AVA-Listener orchestrates several subsystems to detect custom wake phrases offline.

Speech Processing Pipeline

graph TD
    A[Microphone] --> B[Audio Buffer]
    B --> C[Silero VAD]
    C --> D[Streaming ASR]
    D --> E[Phrase Variants]
    E --> F[Confidence Filter]
    F --> G[Cooldown]
    G --> H[Wake Event]

Startup Flow

graph TD
    A[npm install] --> B[npx ava-listener setup]
    B --> C[Runtime validation]
    C --> D[Model verification]
    D --> E[Runtime startup]
    E --> F[Listening Ready]

πŸš€ Package Usage

The canonical package workflow is the real SDK usage that ships with ava-listener.

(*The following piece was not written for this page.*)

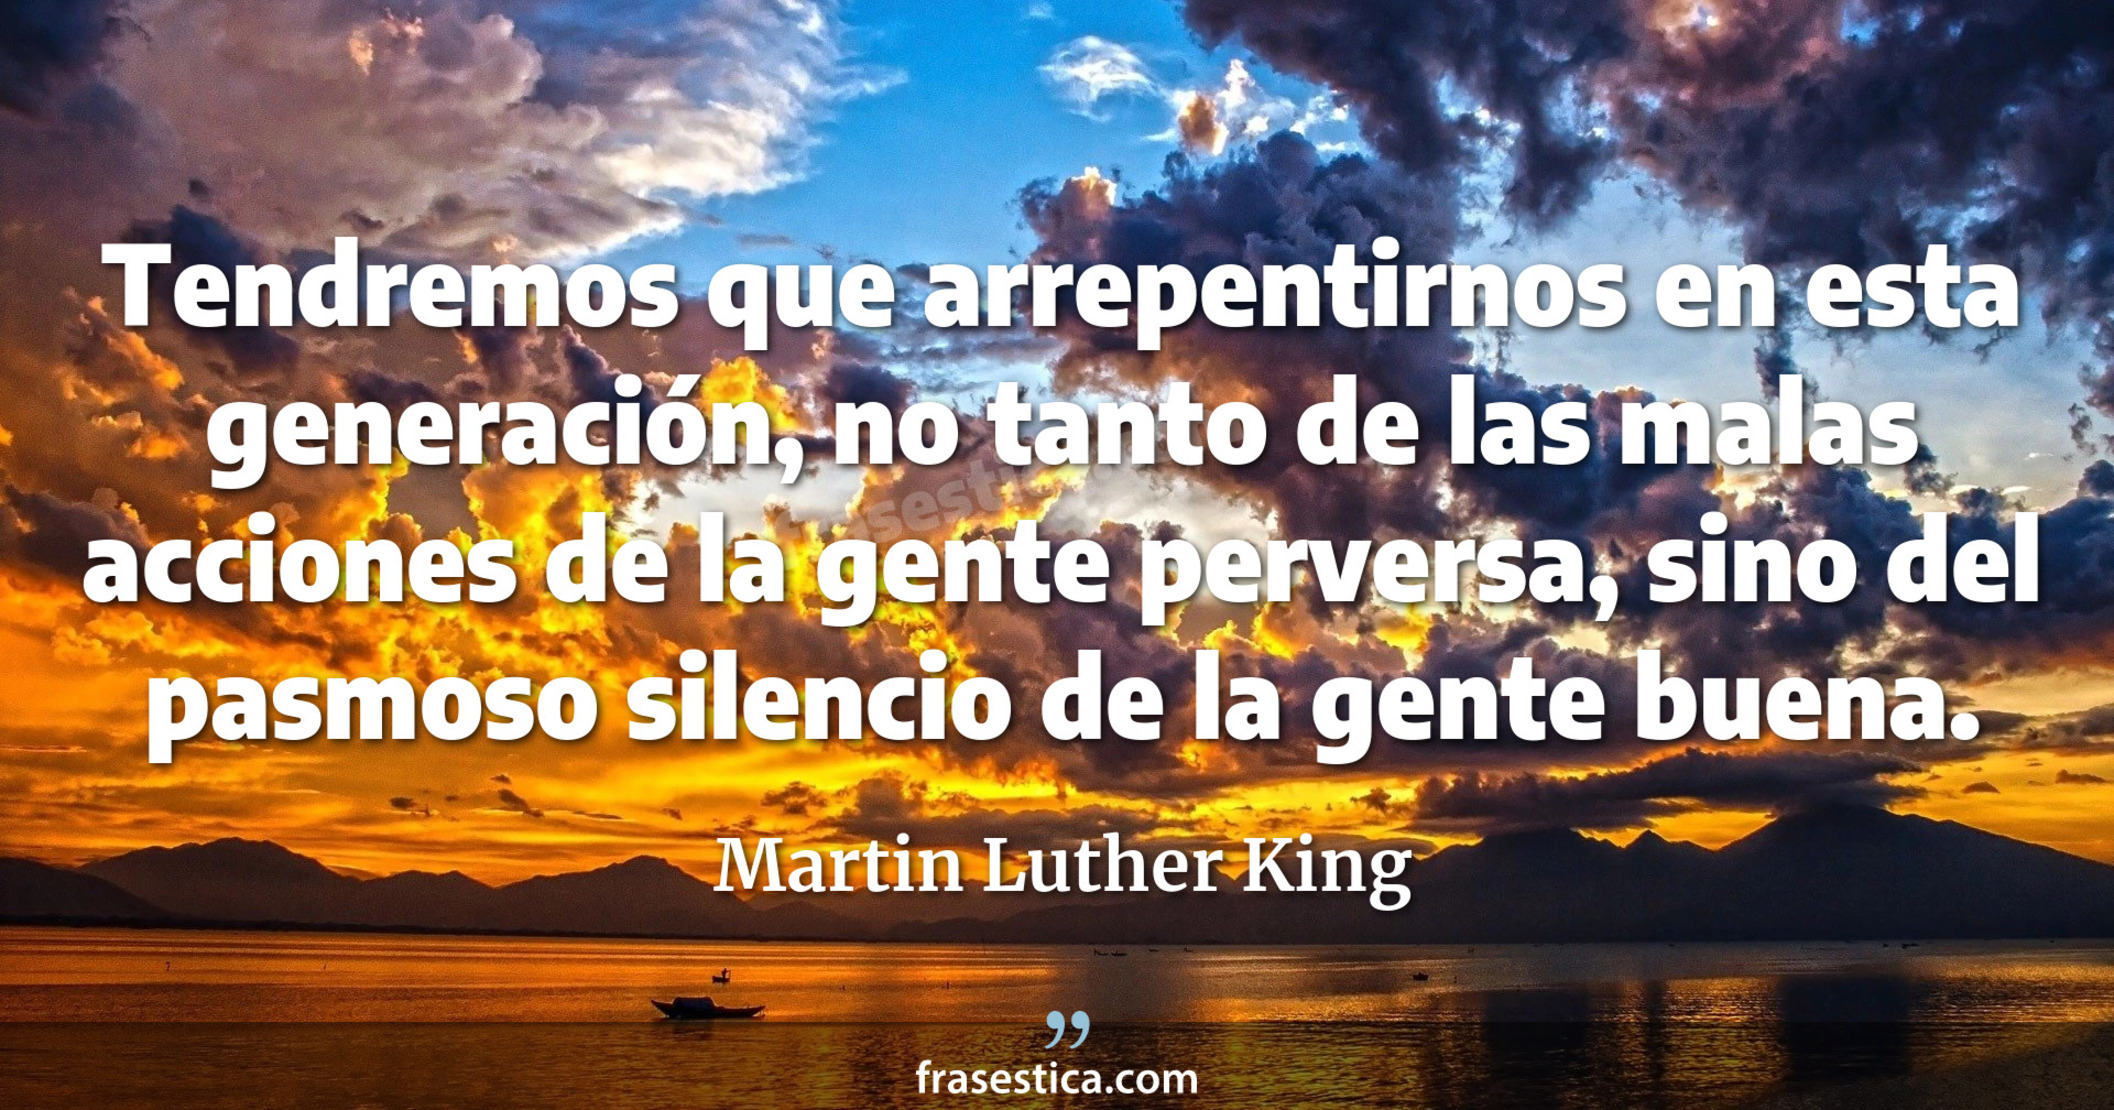 Tendremos que arrepentirnos en esta generación, no tanto de las malas acciones de la gente perversa, sino del pasmoso silencio de la gente buena. - Martin Luther King
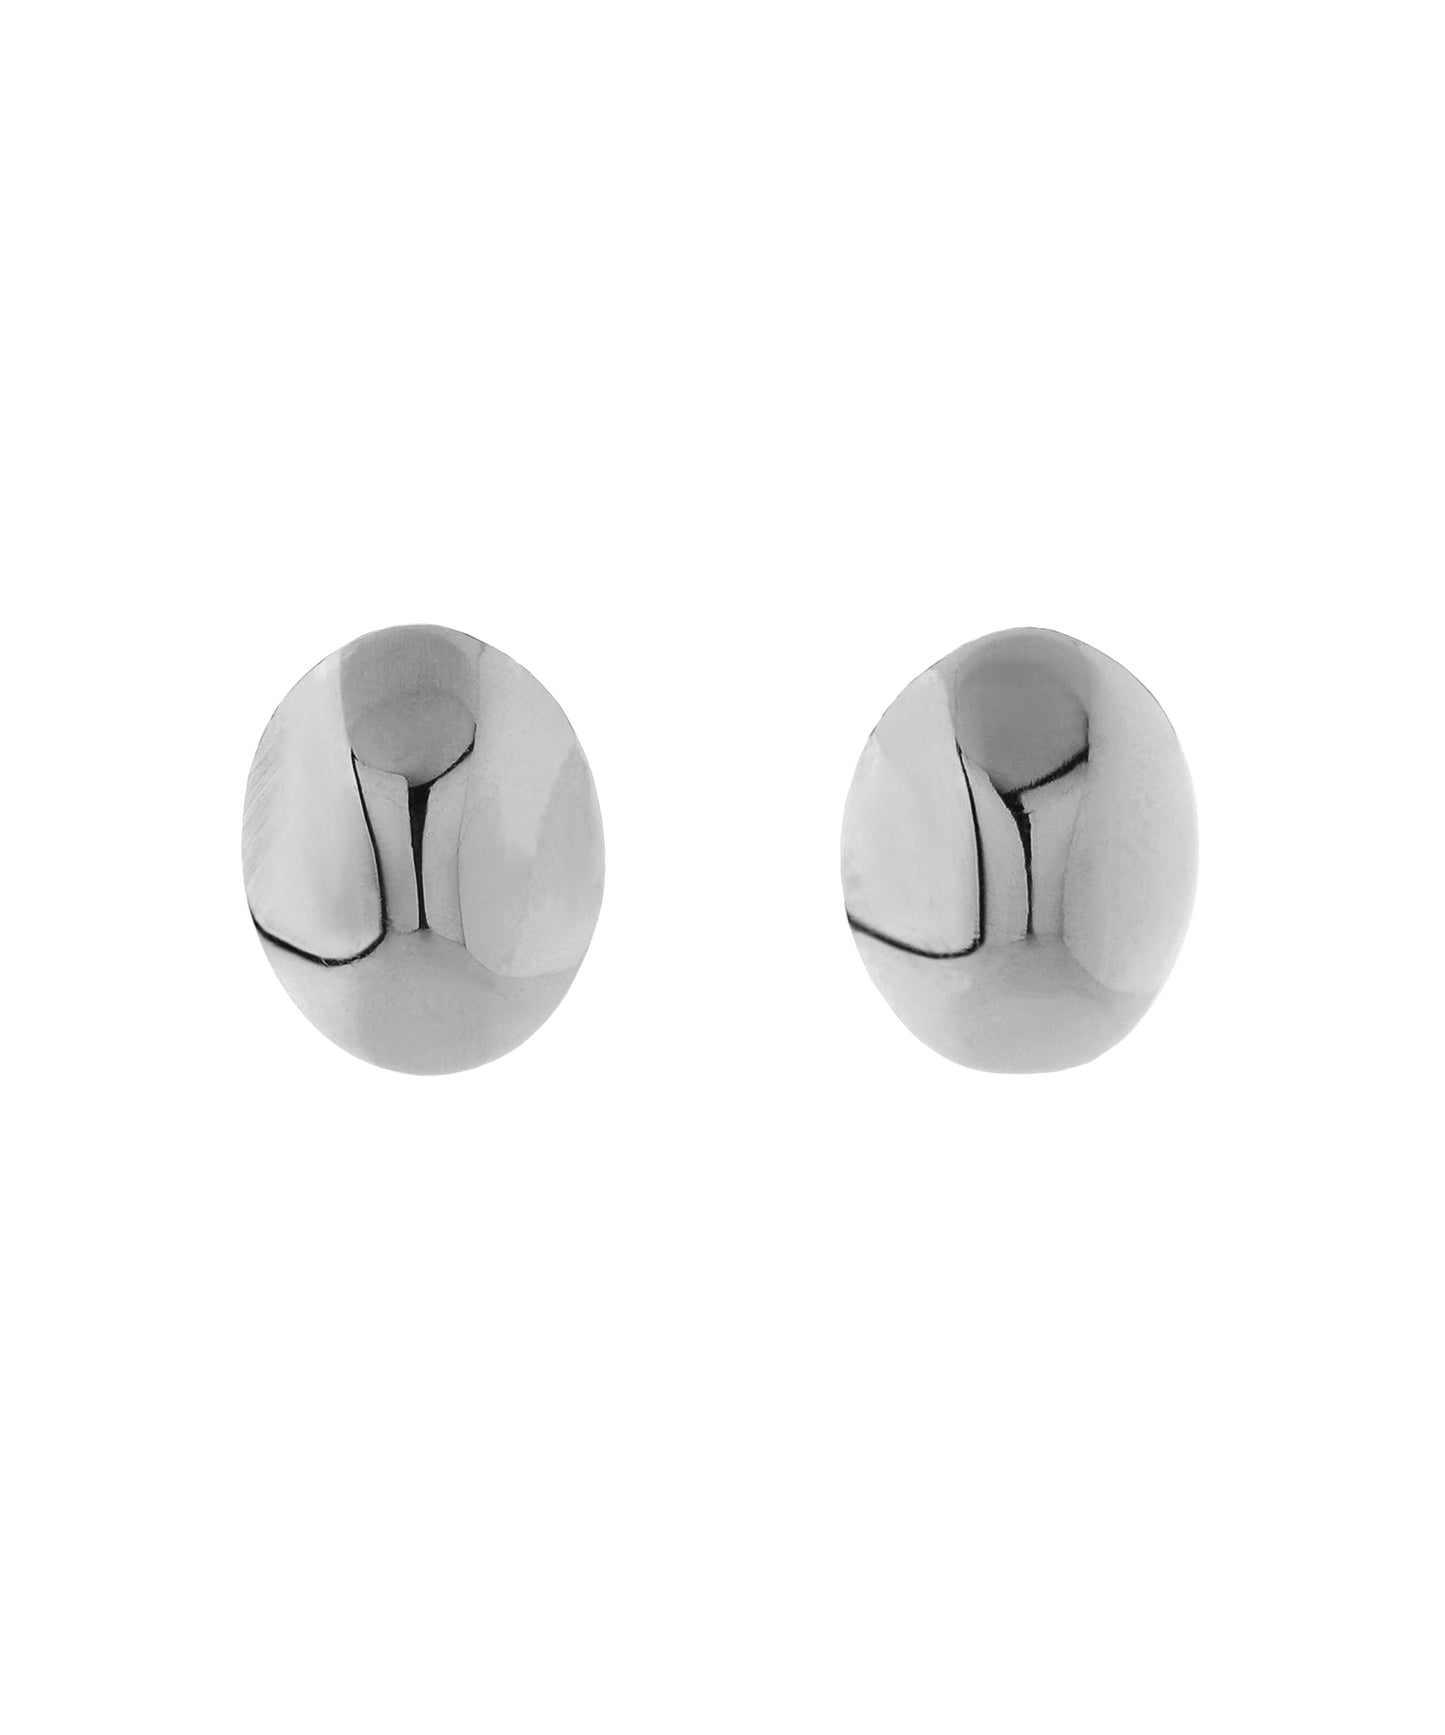 【Stainless Steel IP】 Metal Design Earrings

Attach listeners before calling start() so lifecycle, bootstrap, download, runtime, and wake events are all captured.

const { AVAListener } = require("ava-listener");
const path = require("path");

async function run() {

    const listener = new AVAListener({
        profile: path.join(
            __dirname,
            "arvsal.json"
        ),
        debug: true
    });

    listener.on(
        "bootstrap-start",
        () => console.log("[BOOTSTRAP]")
    );

    listener.on(
        "download-progress",
        (x) => console.log(
            "[DOWNLOAD]",
            x
        )
    );

    listener.on(
        "runtime-ready",
        () => console.log("[RUNTIME READY]")
    );

    listener.on(
        "wake",
        (e) => console.log(
            "\nWAKE:",
            e
        )
    );

    listener.on(
        "partial",
        (t) => console.log(
            "[ASR]",
            t
        )
    );

    listener.on(
        "error",
        (e) => console.error(
            "[ERROR]",
            e
        )
    );

    await listener.start();
}

run().catch(console.error);

Event System

AVA-Listener emits runtime events during startup, model management, ASR streaming, wake detection, and runtime errors.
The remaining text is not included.